**** Dataset extract ****
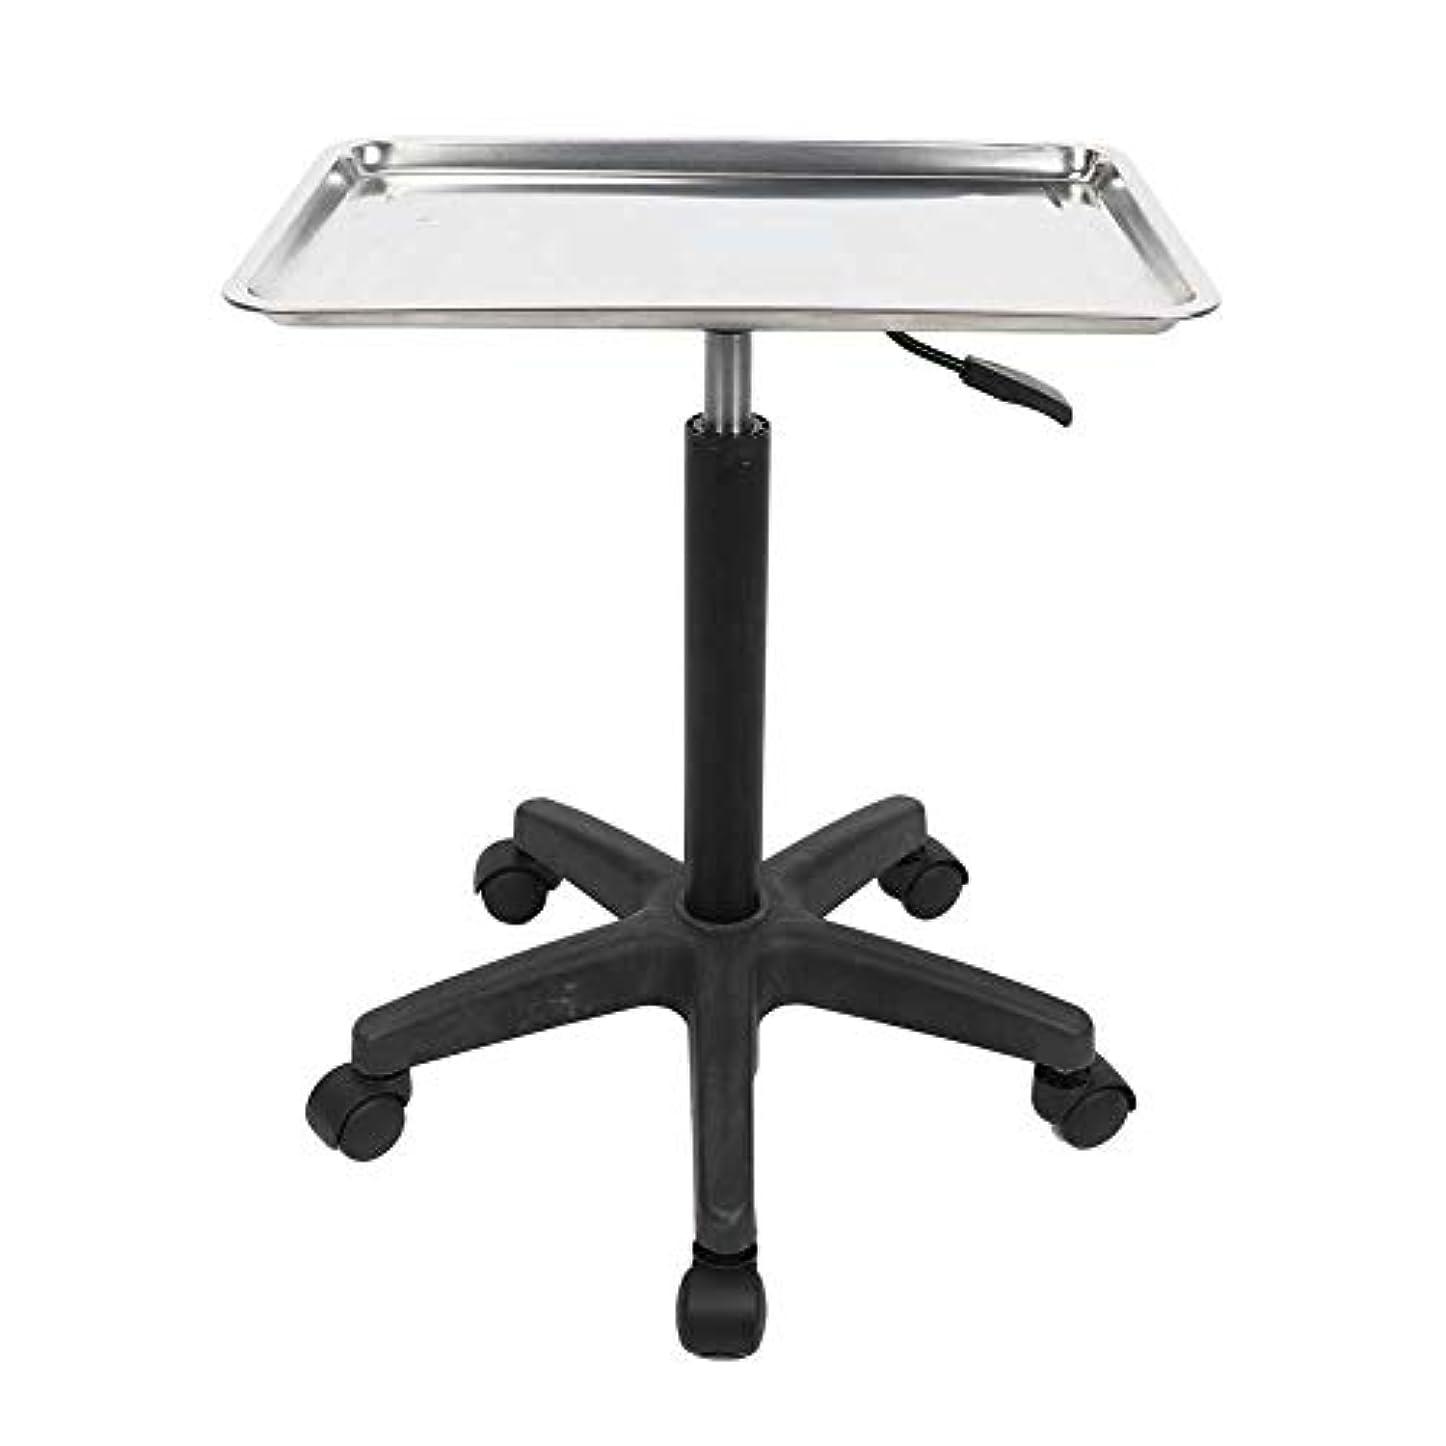 鉄クラフト着る美容院の芸術のための多機能の調節可能なステンレス鋼の皿のトロリー(トレイ)
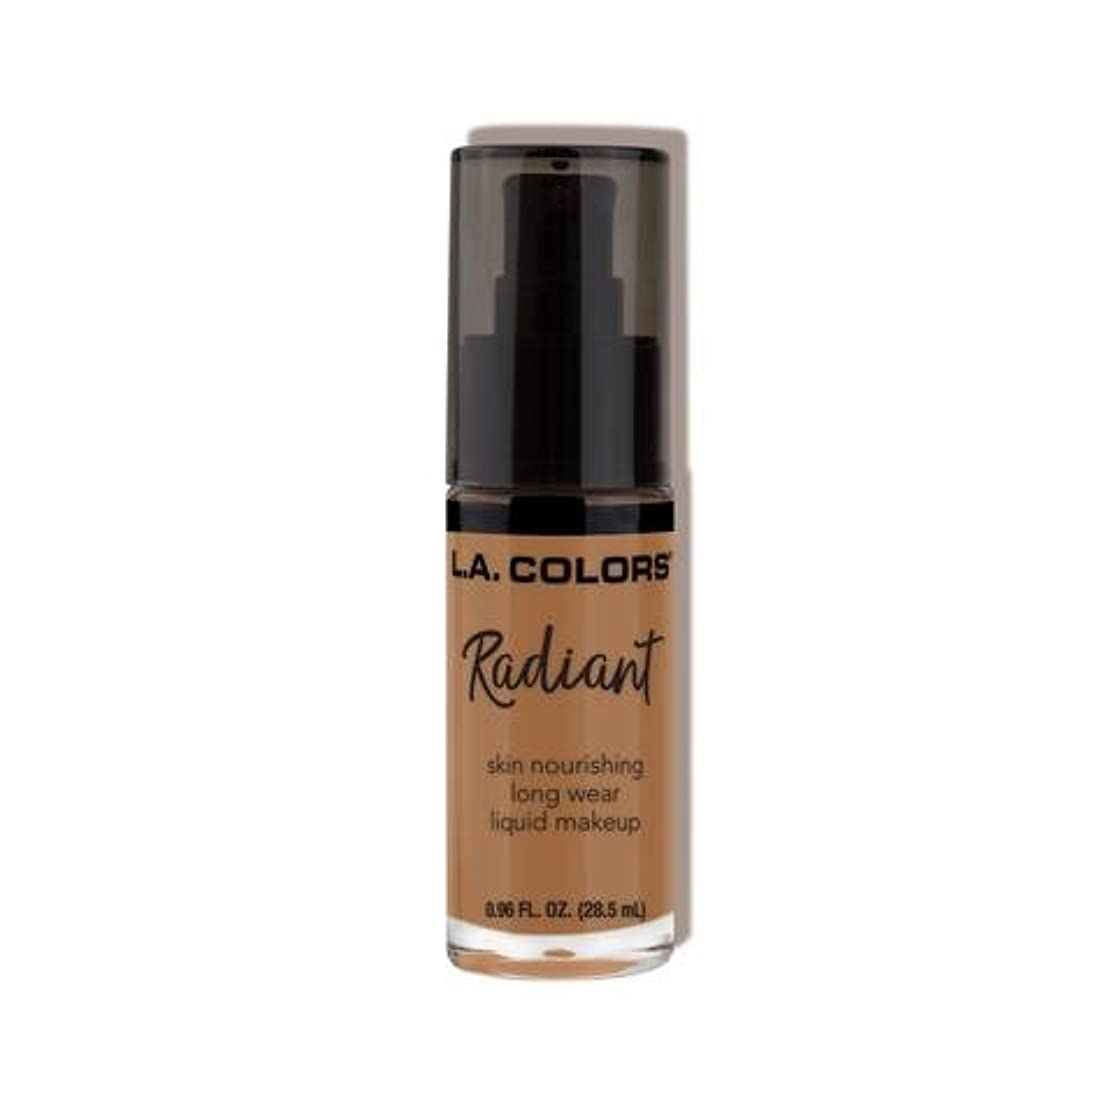 説教する確認取り付け(6 Pack) L.A. COLORS Radiant Liquid Makeup - Chestnut (並行輸入品)
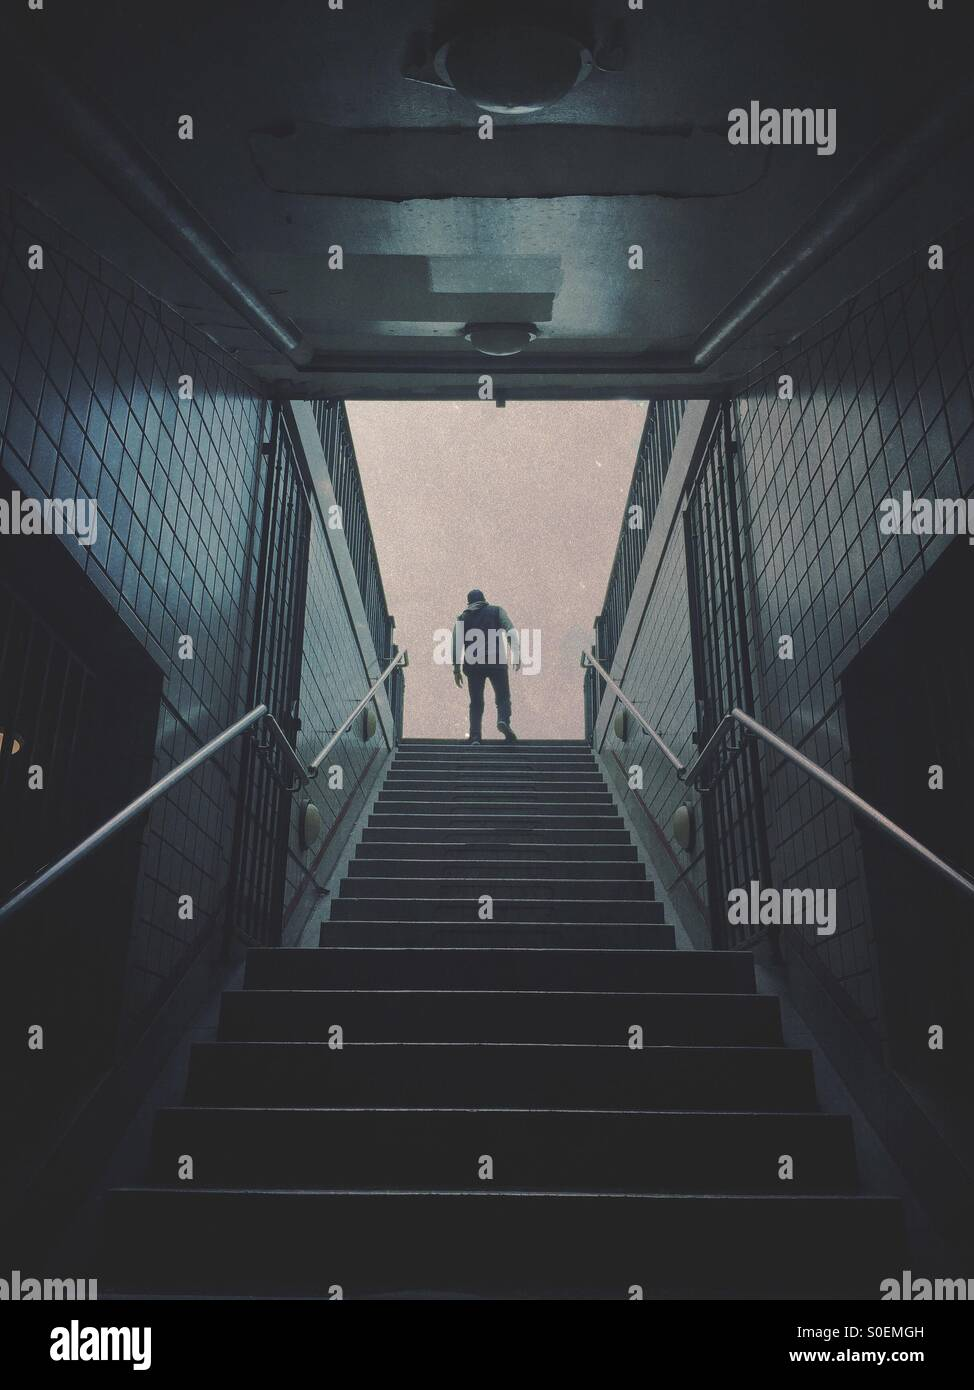 Misteriosa figura masculina dejando la estación de metro Imagen De Stock
****
**Task goal**
For the material above, repeat each line exactly and leave out the pictures.

**Response to this exercise**
 鉄クラフト着る美容院の芸術のための多機能の調節可能なステンレス鋼の皿のトロリー(トレイ)
 説教する確認取り付け(6 Pack) L.A. COLORS Radiant Liquid Makeup - Chestnut (並行輸入品)
 Misteriosa figura masculina dejando la estación de metro Imagen De Stock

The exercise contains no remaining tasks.